Vegan Mayo Recipe Ingredients
So, what makes this vegan mayonnaise so thick and creamy anyway? Soy milk? Cashews? Tofu? Nope! This vegan mayo recipe is completely nut- and soy-free. The secret ingredient here is aquafaba, the starchy liquid that you’d find in a can of chickpeas. We often dump aquafaba down the drain, but it can actually whip into soft peaks, like egg whites, and act as an emulsifier, like egg yolks. It’s what makes this vegan mayo so smooth, creamy, and cohesive. Here’s what else is in this recipe:
- Lemon juice – A classic mayo ingredient, it adds brightness and tang.
- Dijon mustard – Many traditional mayonnaise recipes call for ground mustard powder, but I like to use Dijon mustard instead. I always have it on hand, and it gives this vegan mayo extra depth of flavor.
- Cane sugar – It balances the tangy mustard and lemon juice.
- Sea salt – To make all the flavors pop!
- Sunflower oil – It gives this vegan mayo body and richness. If you don’t have sunflower oil on hand, you can substitute another neutral-flavored oil like avocado oil or canola oil. I don’t recommend using extra-virgin olive oil in this recipe, as its strong flavor will overpower the other ingredients.
Find the complete recipe with measurements below.
How to Make Vegan Mayonnaise
To make homemade vegan mayonnaise, add the aquafaba, lemon juice, mustard, sugar, and salt to a blender. Before you add the oil, whirr these ingredients together. This allows the aquafaba to start to whip up and become foamy.

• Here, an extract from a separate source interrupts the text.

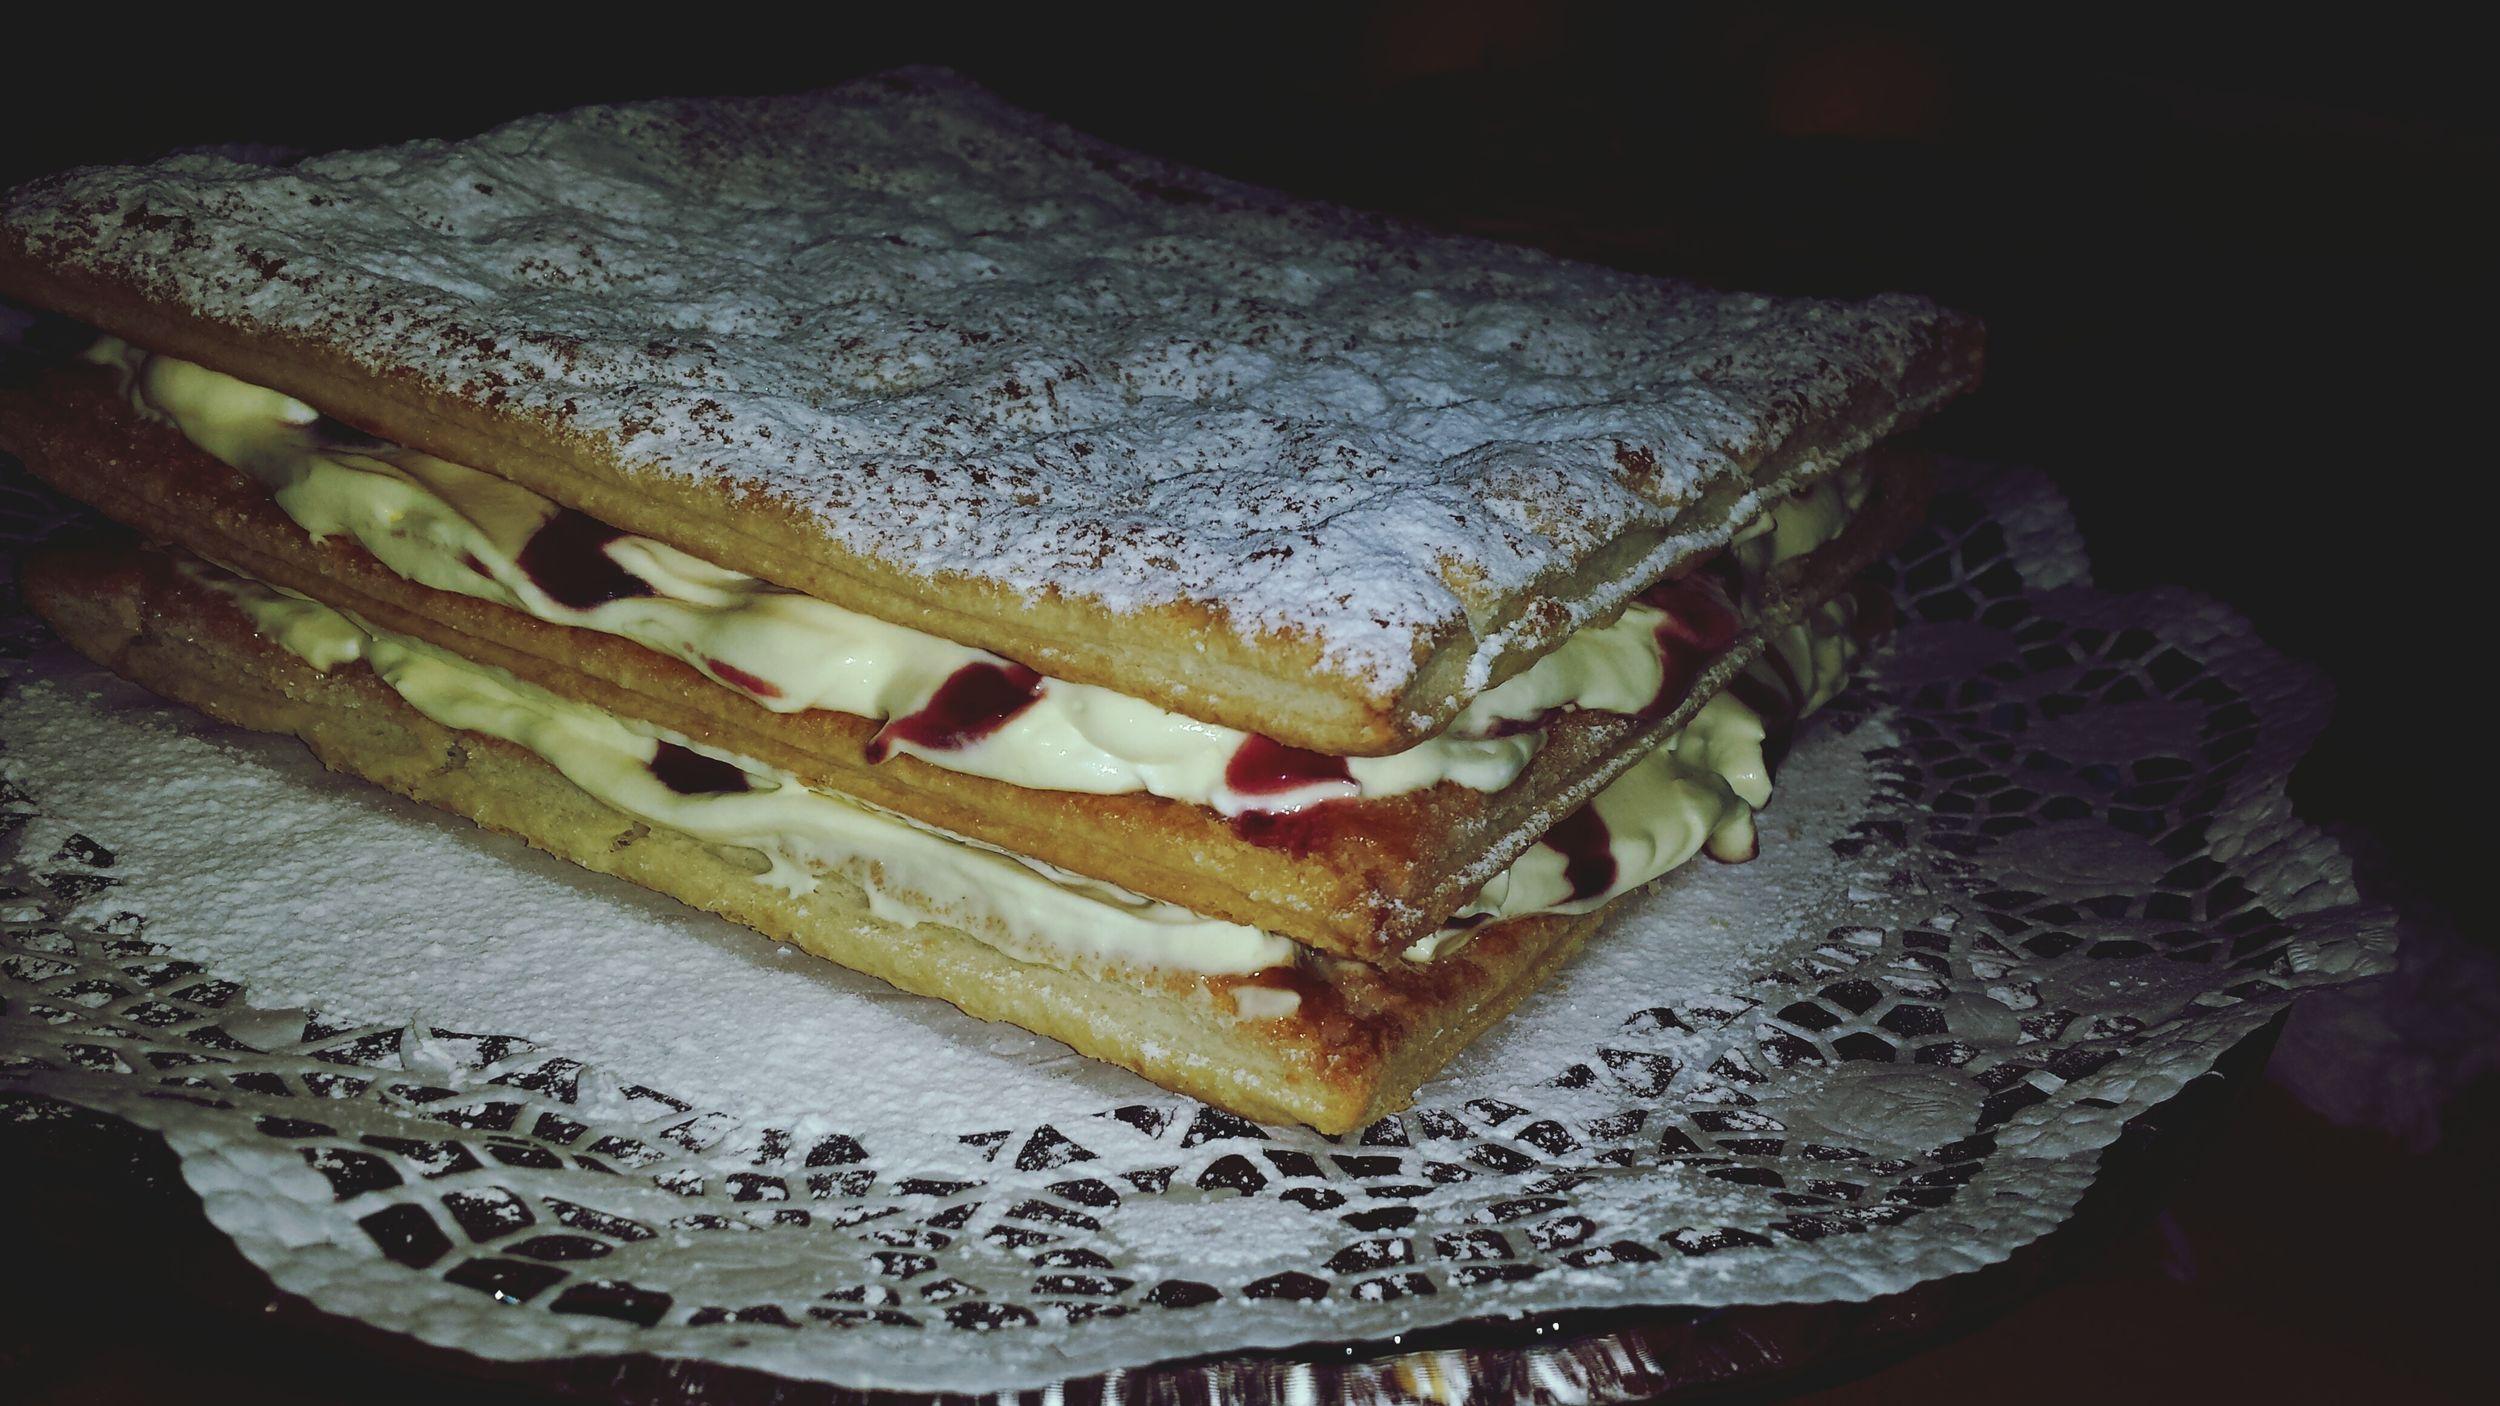 Cake millefoglie Torta Tortamillefoglie Pomeriggicostruttivi Pomeriggiocreativo Cake Cake Cake Cake  Cakelovers Cake Time Pasticciando Tortamodeon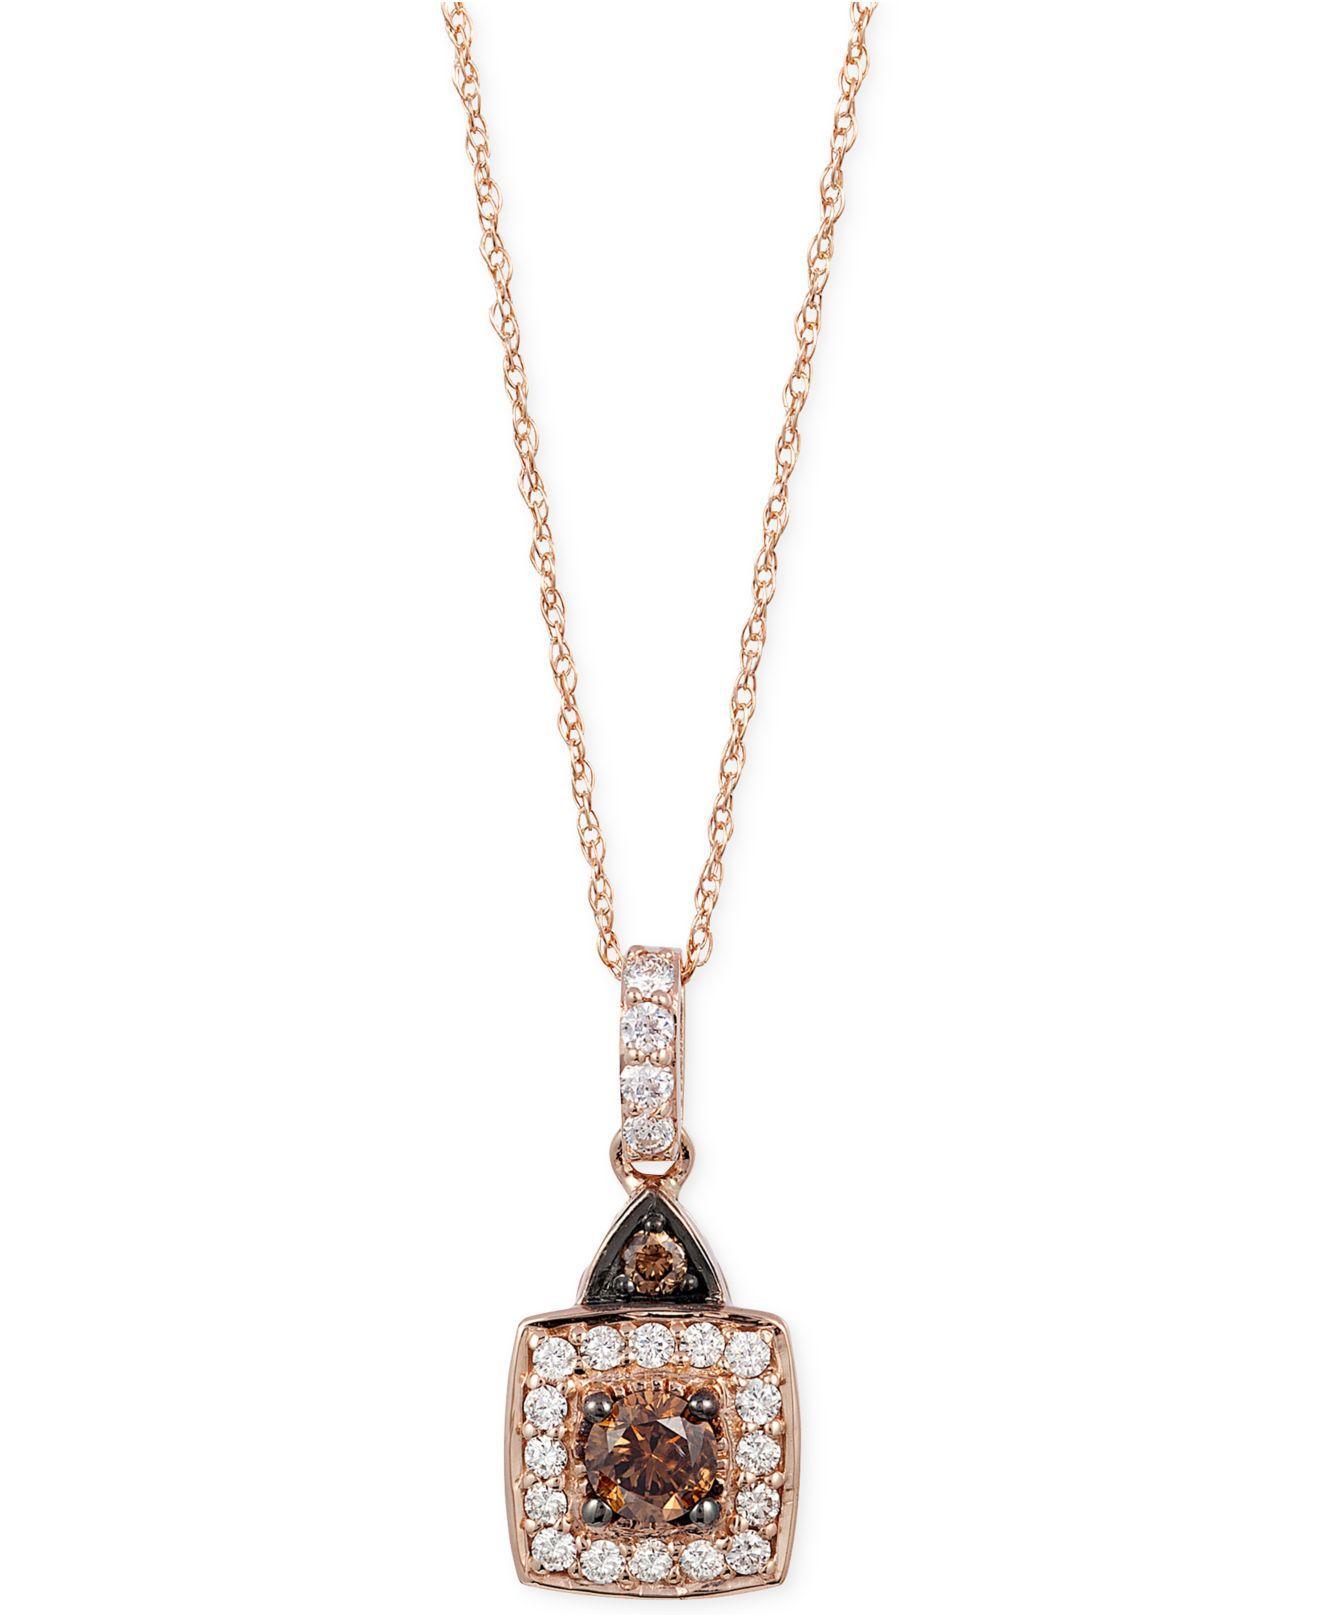 le vian chocolate and white diamond pendant necklace 1 2. Black Bedroom Furniture Sets. Home Design Ideas

With the blade running, slowly drizzle in the sunflower oil, and blend until thickened. The vegan mayo should be light, creamy, and opaque. That’s it!
Store the vegan mayo in an airtight container or Mason jar in the fridge for up to two weeks. Enjoy!
How to Use Vegan Mayo
Once you have this vegan mayonnaise on hand, you’ll find endless ways to use it! Here are a few ideas to get you started:
- Slather it on a sandwich, like my Seared Tofu Banh Mi, Chickpea Salad Sandwich, or Butternut Apple Cranberry Sandwich.
- Spread it on your burger bun next time you make veggie burgers or portobello mushroom burgers.
- Use it instead of regular mayo in mayo-based salad dressings. It works great in my Broccoli Salad, Grilled Corn Salad, Potato Salad, and Mexican Street Corn Salad.
- Swap it in for regular mayo in egg salad, or use it in my vegan egg salad.
- Use it as a dipping sauce for French fries and sweet potato fries.
- Make sriracha mayo by mixing 1/3 cup vegan mayo with 2 teaspoons sriracha. I love to serve this creamy, spicy sauce with nori wraps, sushi, tacos, sesame tofu, spring rolls, and more!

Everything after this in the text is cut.